25. Final Disposition. Within thirty days after the final disposition of this action (whether by settlement or entry of a final, non-appealable judgment), each party shall return all designated material to the designator or destroy such material, including all copies, abstracts, compilations, summaries, and any other format reproducing or capturing any designated material. The receiving party must submit a written certification to the designator by the thirty-day deadline that (1) identifies (by category, where appropriate) all the designated material that was returned or destroyed, and (2) affirms that the receiving party has not retained any copies, abstracts, compilations, summaries, or any other format reproducing or capturing any of the designated material. This provision shall not prevent counsel from retaining an archival copy of all pleadings, motion papers, trial, deposition, and hearing transcripts, legal memoranda, correspondence, deposition and trial exhibits, expert reports, attorney work product, and consultant and expert work product, even if such materials contain designated material. Any such archival copies remain subject to this Order. The foregoing deadlines may be extended by mutual agreement of the producing and receiving parties, without the need for an additional Court order.
XI. VIOLATIONS
26. In the event of any violation of this Order, the Court may grant such relief as it deems appropriate, including monetary damages to the injured party, equitable relief, and/or any appropriate sanctions.
IT IS SO ORDERED.
EXHIBIT A
UNITED STATES DISTRICT COURT CENTRAL DISTRICT OF CALIFORNIA, SOUTHERN DIVISION
Alternate Health USA Inc.
and Alternate Health Corp.,
Plaintiffs,
- against - Case No: 8:17-CV-01997-CJC-JDE
Paul Edalat,
Defendant.
Paul Edalat,
Counterclaimaint,
- against -
Alternate Health USA Inc., Alternate Health
Corp., Howard Mann, Michael L. Murphy,
M.D., and Computershare Investor Services,
Inc.,
Counterdefendants.
CONFIDENTIALITY AGREEMENT
I have received and read in its entirety a copy of the Stipulated Protective Order ("Order") issued in the above-captioned action. I fully understand the terms therein. I agree not to disclose any designated material (as defined therein, and including any material designated as "CONFIDENTIAL" or "HIGHLY CONFIDENTIAL — ATTORNEY'S EYES ONLY," documents which quote, summarize, or paraphrase such materials, and all copies, abstracts, compilations, summaries, or documents in other formats reproducing or capturing any designated material) to any person or entity not entitled to receive disclosure of such designated material under the Order; not to use such designated material for purposes beyond my participation in this action; and to abide by the Order in every respect. I understand that any disclosure or use of designated material in any manner contrary to the provisions of the Order may subject me to, among other things, sanctions for contempt of court.

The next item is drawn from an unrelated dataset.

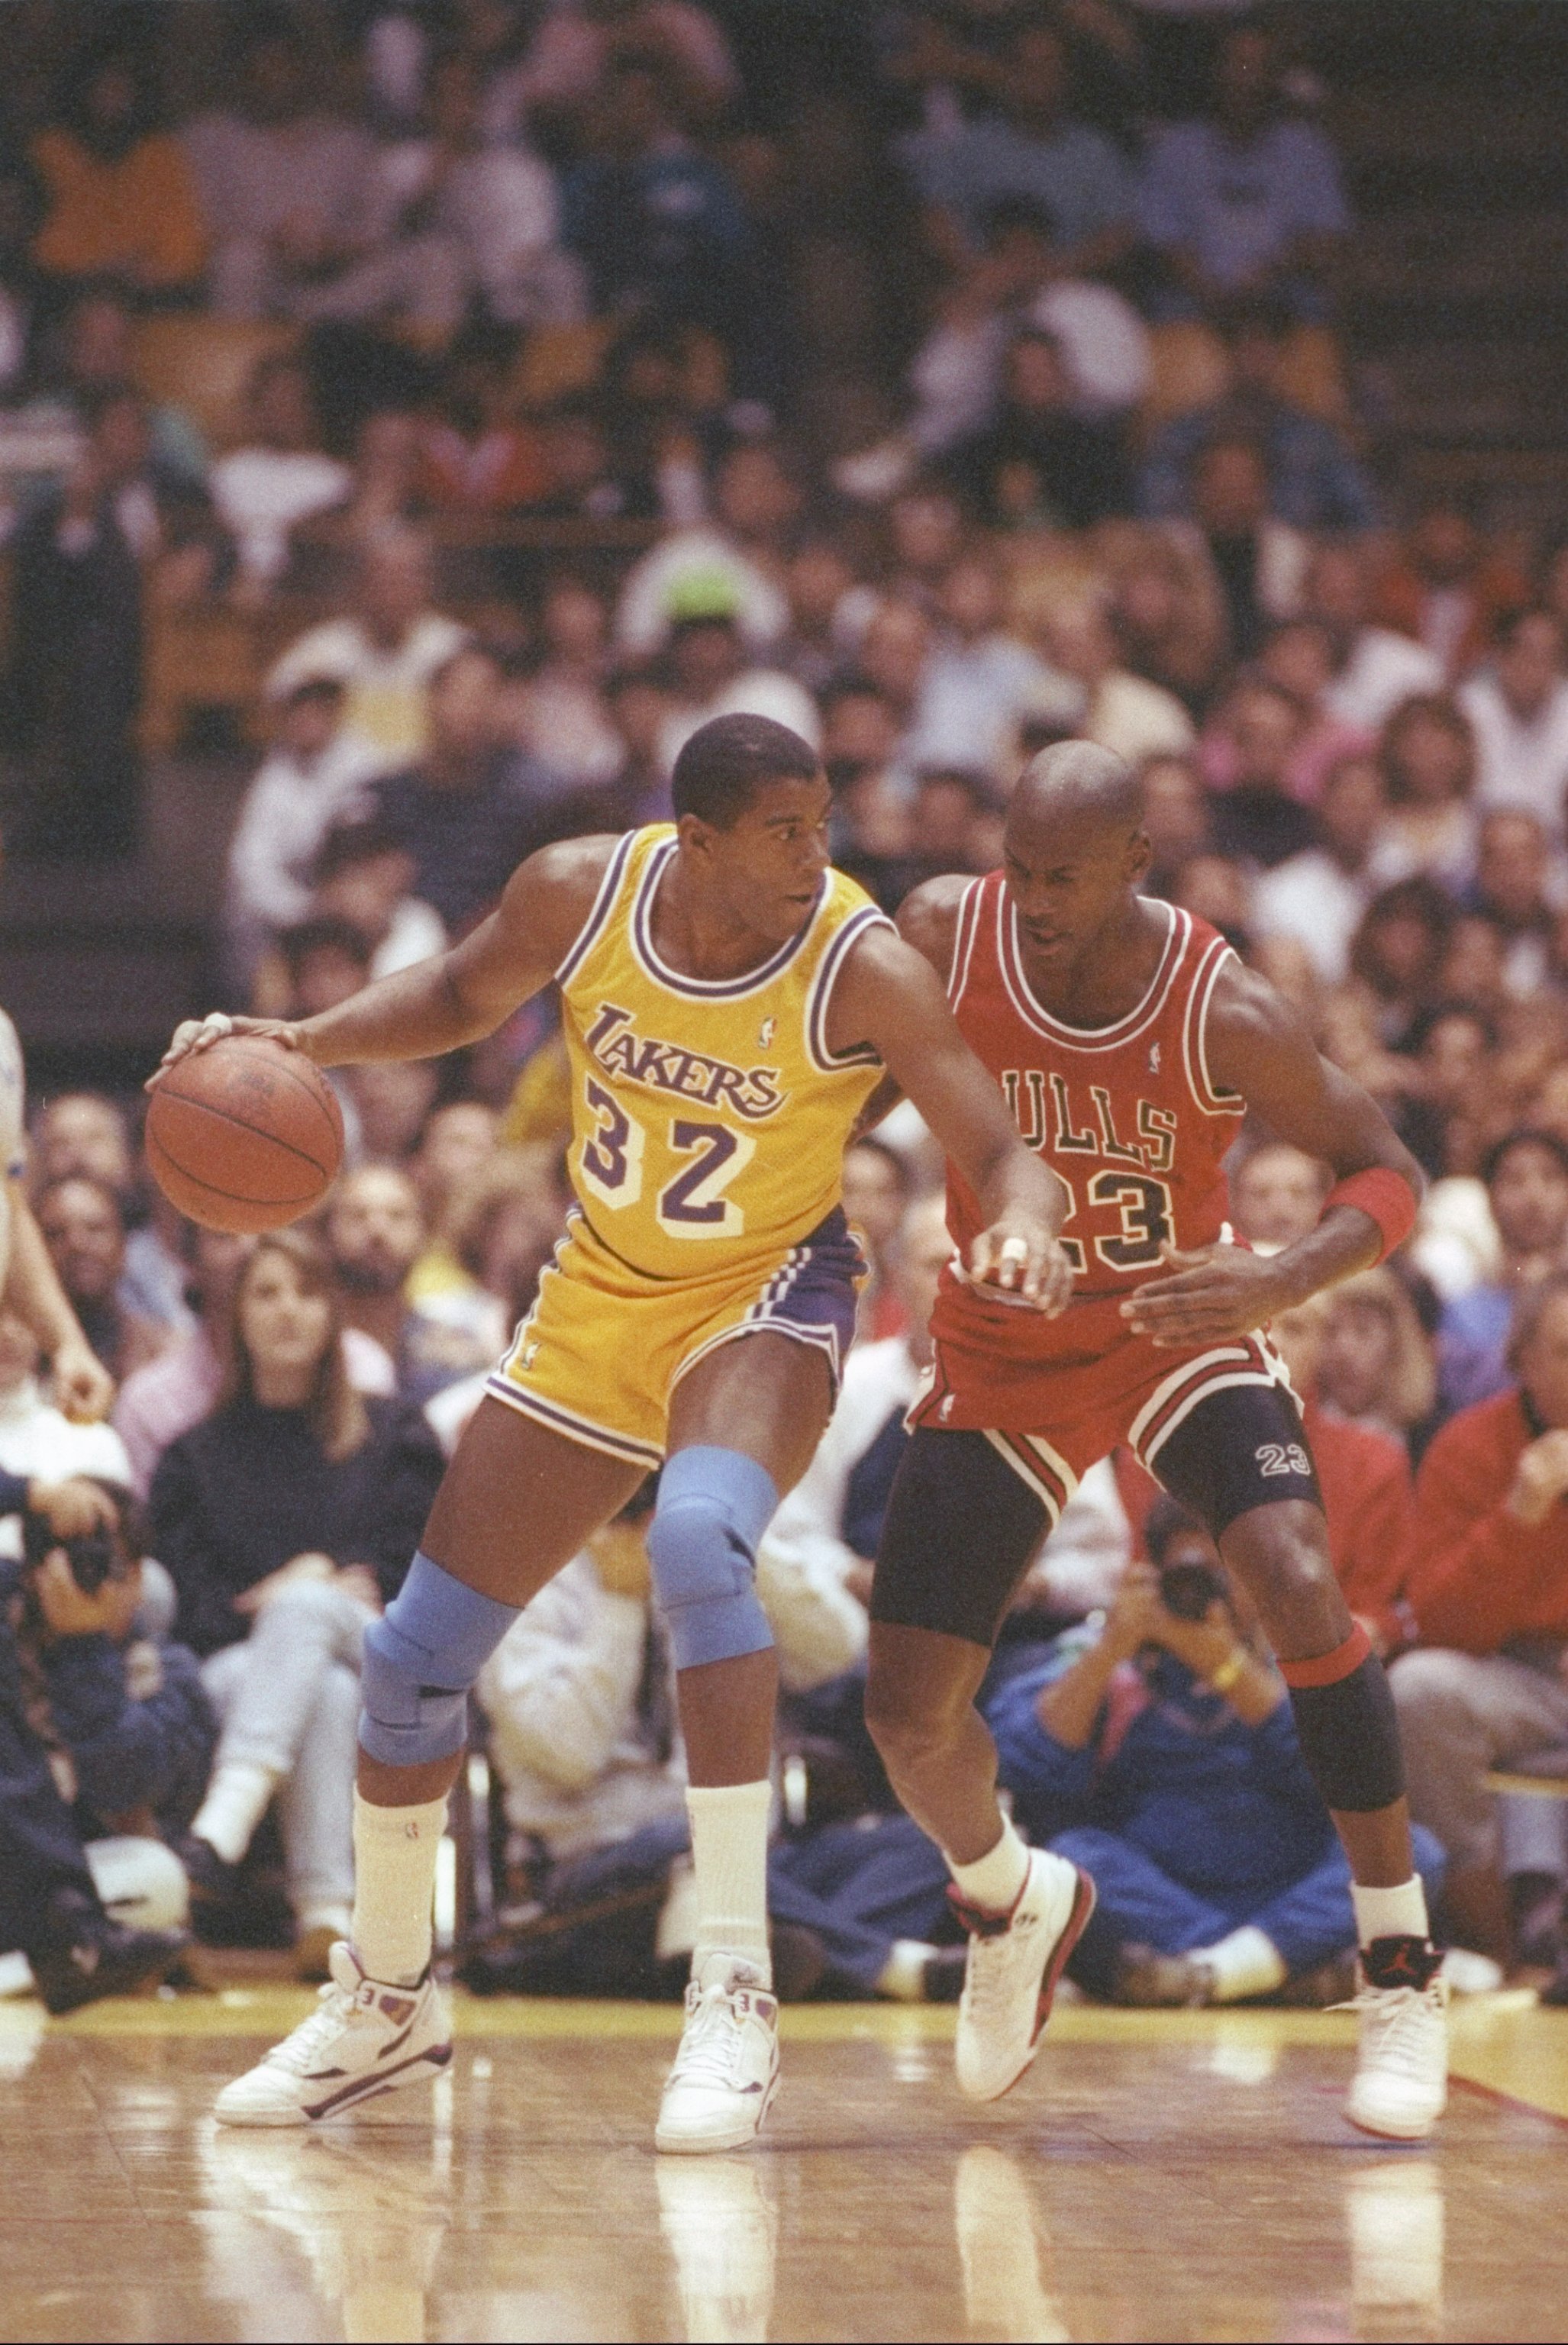 3 Feb 1991: Guard Erving Johnson of the Los Angeles Lakers dribbles the ball as guard Michael Jordan of the Chicago Bulls defends him during a game at the Great Western Forum in Inglewood, California.

Upon conclusion of the above-captioned action, including any appeal, I will use my best efforts to destroy or return to outside counsel all designated material in my possession. As for electronic copies of designated material, I will destroy and/or erase all electronic versions of any designated material that might be stored in email files or on active electronic servers (as opposed to emergency backup storage or tapes).
I hereby consent to the personal jurisdiction of the United States District Court for the Central District of California for the purpose of enforcing the terms of the Order, even if such enforcement proceedings occur after termination of this action.
I declare under penalty of perjury under the laws of the United States of America that the foregoing is true and correct.